Mononuclear cells (MNCs) were harvested from BM aspirates by density gradient centrifugation on Lymphoprep (Alere Technologies AS, Oslo, Norway). Erythrocytes were lysed using lysis buffer (Ampliqon, Odense, Denmark). This was followed by cryopreservation in a storage solution containing 10% DMSO (Sigma-Aldrich/Merck, St. Louis, MO, USA), 50% fetal calf serum (FCS) (Biowest, Nuaillé, France), and 40% RPMI (Invitrogen, Waltham, MA, USA), then stored in liquid nitrogen tanks at −165 °C. Ampoules were thawed by partial submersion in water at 37 °C for one minute. Cells were washed and resuspended in stain buffer (SB) containing 2% FCS (Biowest) and 98% Hank’s balanced salt solution (HBSS) (ThermoFisher, Waltham, MA, USA). Then, MgCl2 (Sigma-Aldrich) and DNase (Sigma-Aldrich) were added to final concentrations of 5 mM and 100 Kunitz units/mL, respectively. The samples were incubated for 10 min at room temperature (RT) or at 37 °C if containing clumps. If clumps consisted, the solution was filtered (Miltenyi Biotec, Bergisch Gladbach, Germany). Cell counting was performed using a Sysmex XP-300TM Automated Hematology Analyzer (Sysmex, Kobe, Japan). The volume of the remaining cell suspension was measured, and SB was added to obtain a final concentration of 80·106 white blood cells/mL. Fc-blocking was performed using Privigen (CSL Behring, Kongens Lyngby, Denmark), added in a final concentration of 100 µg/mL followed by 10 min of incubation at 4 °C [77].

4.3. Staining Procedure

A seven-color IFC panel was designed for identification of HSCs and LSCs in BM samples. Thawed BM MNCs were stained with the following pre-titrated monoclonal antibodies: CLEC12A PE (Clone HB3, created in-house and conjugated by Agilent, Santa Clara, CA, USA), CD14 PE-Texas Red (Clone Tuk4, ThermoFisher), CD45 KrO (Clone J33, Beckman Coulter, Brea, CA, USA), CD38 SBV610 (Clone AT13/5, Bio-Rad, Hercules, CA, USA), CD34 AF647 (Clone 581, BioLegend, San Diego, CA, USA), and Zombie Green (ZG) Viability Dye (BioLegend) (Table S1). Samples were incubated for 30 min at 4 °C in the dark and washed twice. This was followed by staining of DNA with VDCV (Invitrogen) and incubation for 30 min at 37 °C without subsequent washing. Additionally, three control samples were created for each AML and NBM sample: a fluorescence minus two (FM2) sample stained with all antibodies and dyes except CD38 SBV610 and CLEC12A PE, a sample stained solely with VDCV, and an unstained control.

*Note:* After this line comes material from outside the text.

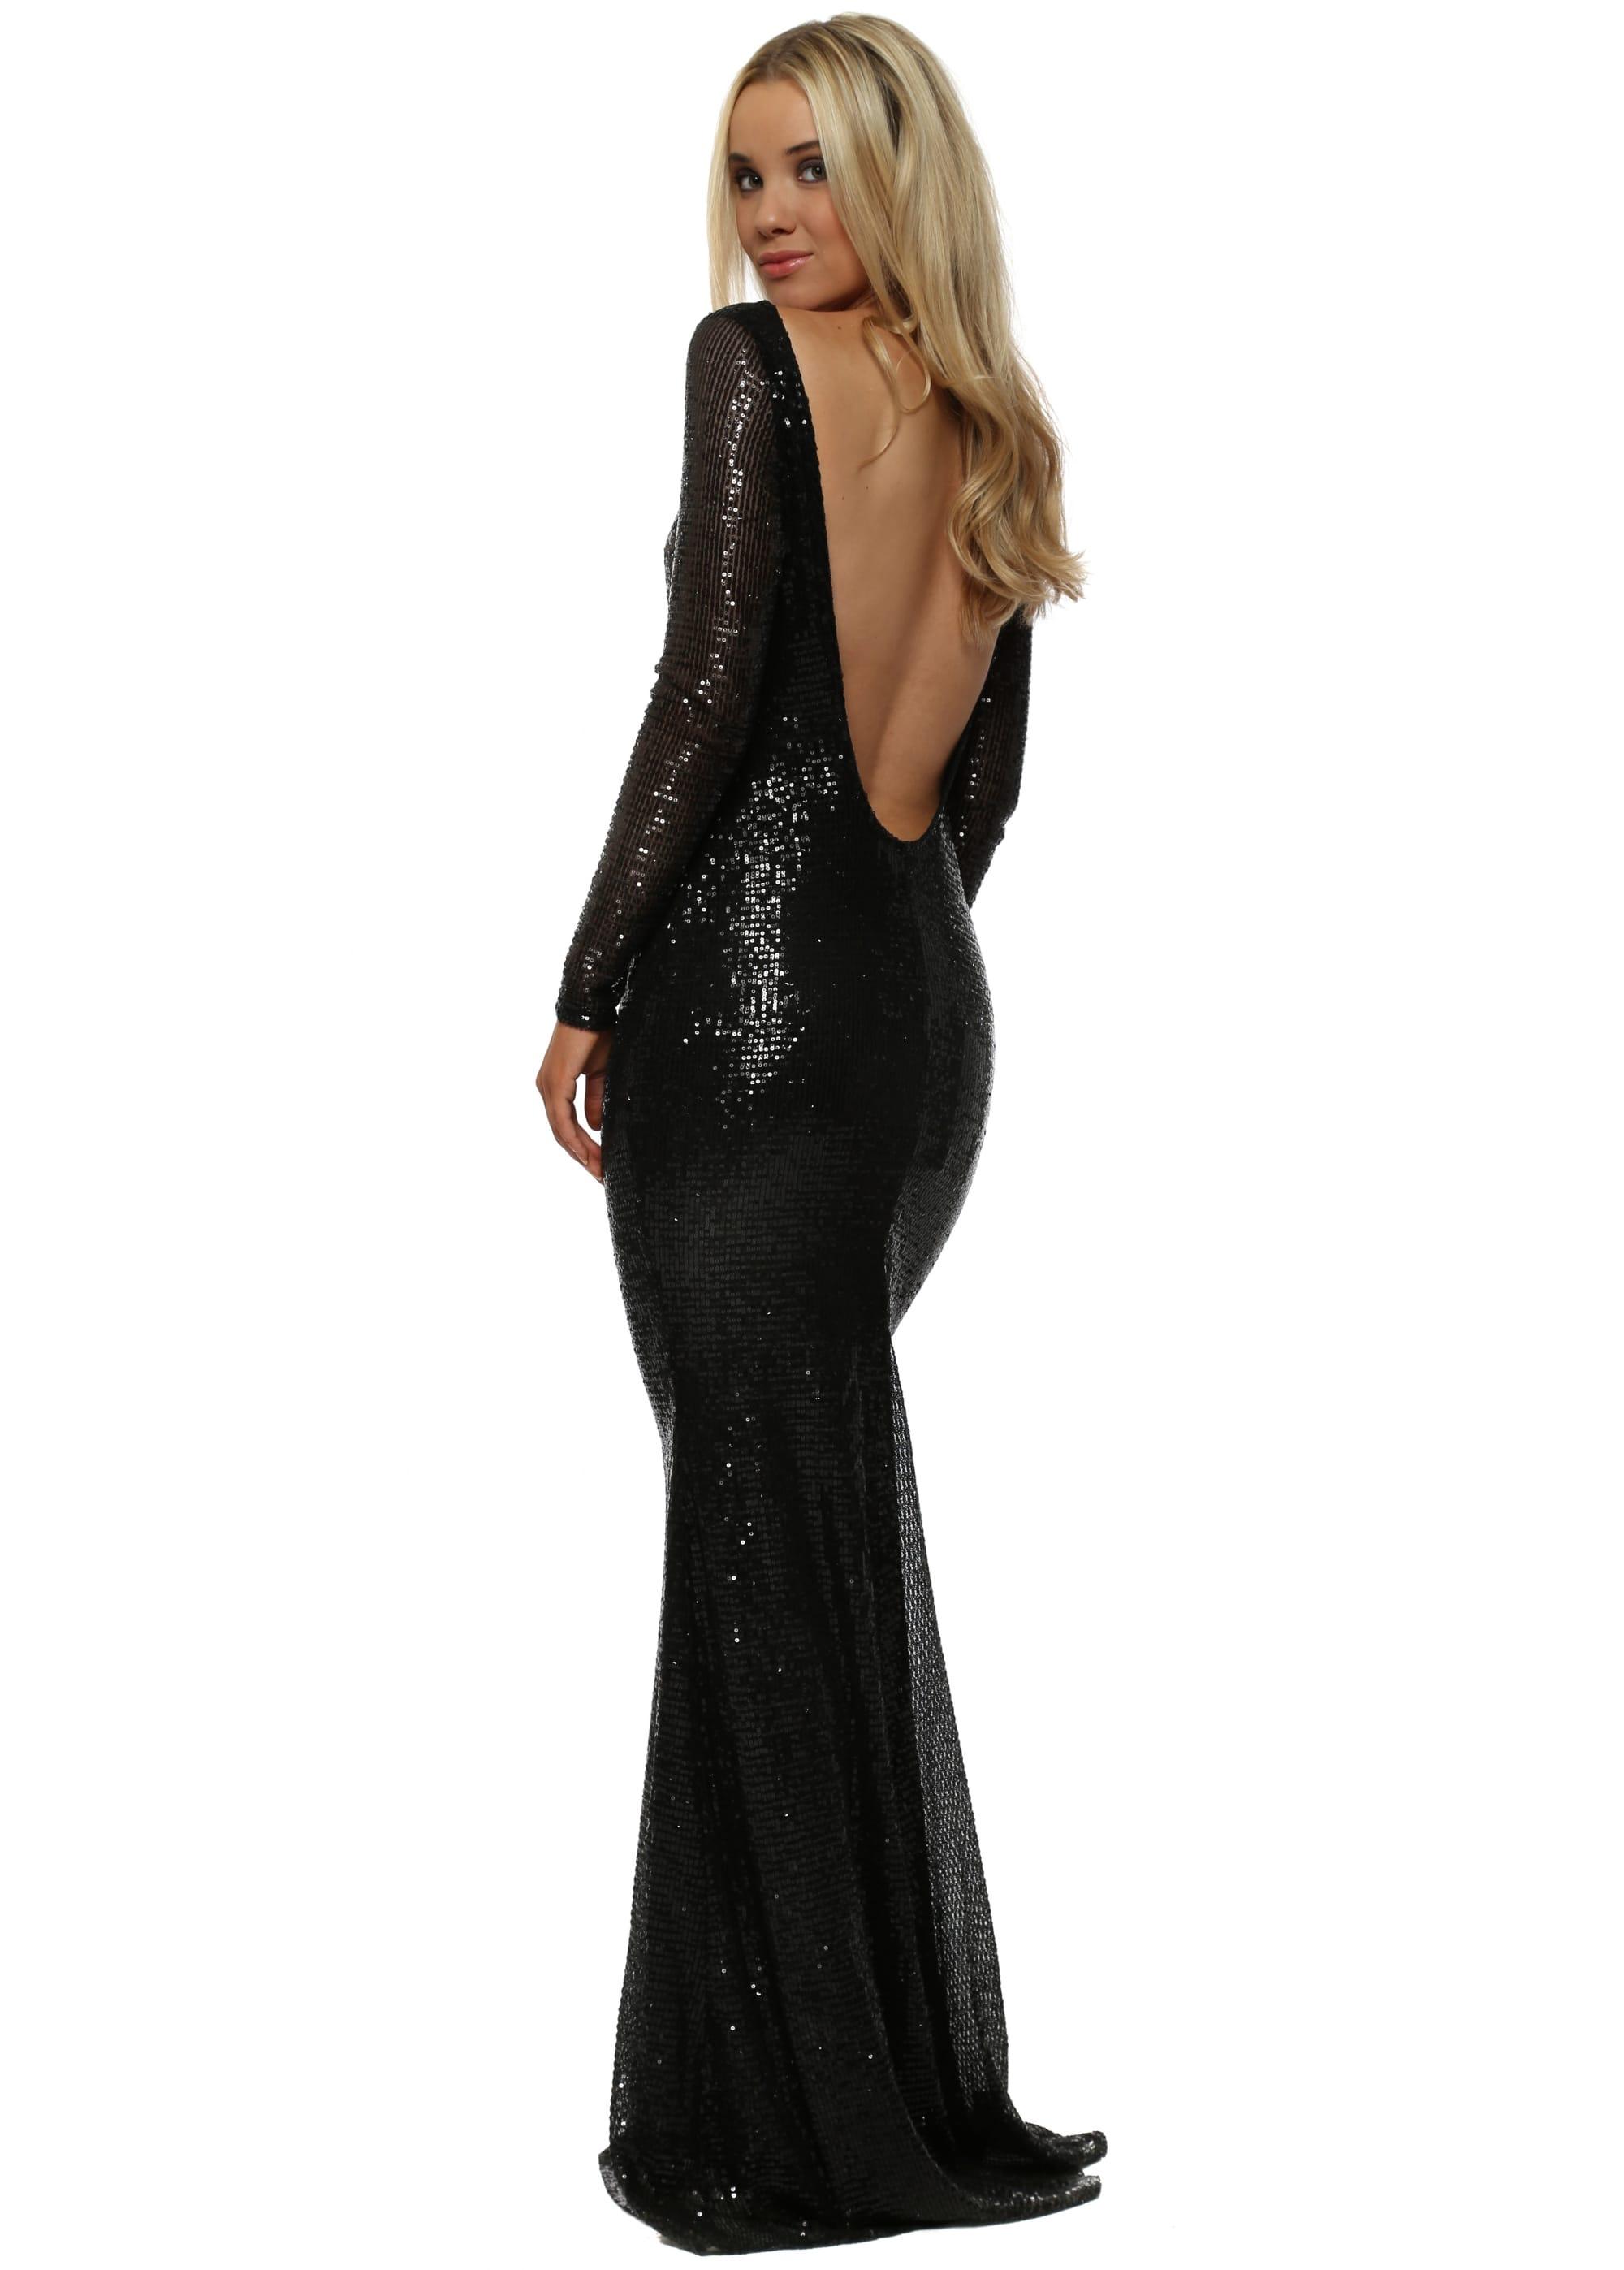 343aa5764e8 Stephanie Pratt Open Back Black Sequin Fishtail Maxi Dress

4.4. IFC Configuration and Acquisition

All samples were acquired on the ISX (Cytek Biosciences) at the FACS Core Facility, Aarhus University (AU), Denmark. A data acquisition template was created in the INSPIRE® software (V200.1.620.0, Cytek Biosciences). The following laser power settings were selected: 405 nm; 120 mW, 488 nm; 200 mW, 642 nm; 150 mW, and 785 nm (SSC); 1 mW. BF images were captured in Ch01 and Ch09 and SSC signal in Ch06. Each stain was detected as follows: ZG in Ch02, CLEC12A PE in Ch03, CD14 PE-Texas Red in Ch04, VDCV in Ch07, CD45 KrO in Ch08, CD38 SBV610 in Ch10, and CD34 AF647 in Ch11. Consecutive raw image files (.rif) were obtained at low speed and a magnification of 60x. The number of replicas per BM sample depended on the amount of available sample material. A median of 7 (range: 7–21) and 14.5 (range: 8–19) replicas were collected for AML and NBM samples, respectively. Additionally, 20,000 singlets were collected from each unstained control sample, 50,000 singlets from each FM2, and 20,000 singlets from each sample stained solely with VDCV. As samples were acquired on different days, instrument performance was validated prior to each run using Rainbow Calibration Particles (Spherotech, Lake Forest, IL, USA). The median fluorescence intensity of peak six was measured and compared with a baseline interval. Single-stained compensation controls were created using Quantum Simply Cellular Beads (anti-mouse IgG, Bangs Laboratories Inc, Fishers, IN, USA) for all antibodies and MNCs for viability and DNA dyes. Sample-specific VDCV compensation controls were created due to varying DNA signals. The INSPIRE® compensation wizard was utilized to collect 2000 positive singlets from each sample, followed by creation of a compensation matrix in the IDEAS® software (V6.3.41.0, Cytek Biosciences) using the best fit linear regression method. A compensation matrix was subsequently applied to each acquired .rif file prior to analysis.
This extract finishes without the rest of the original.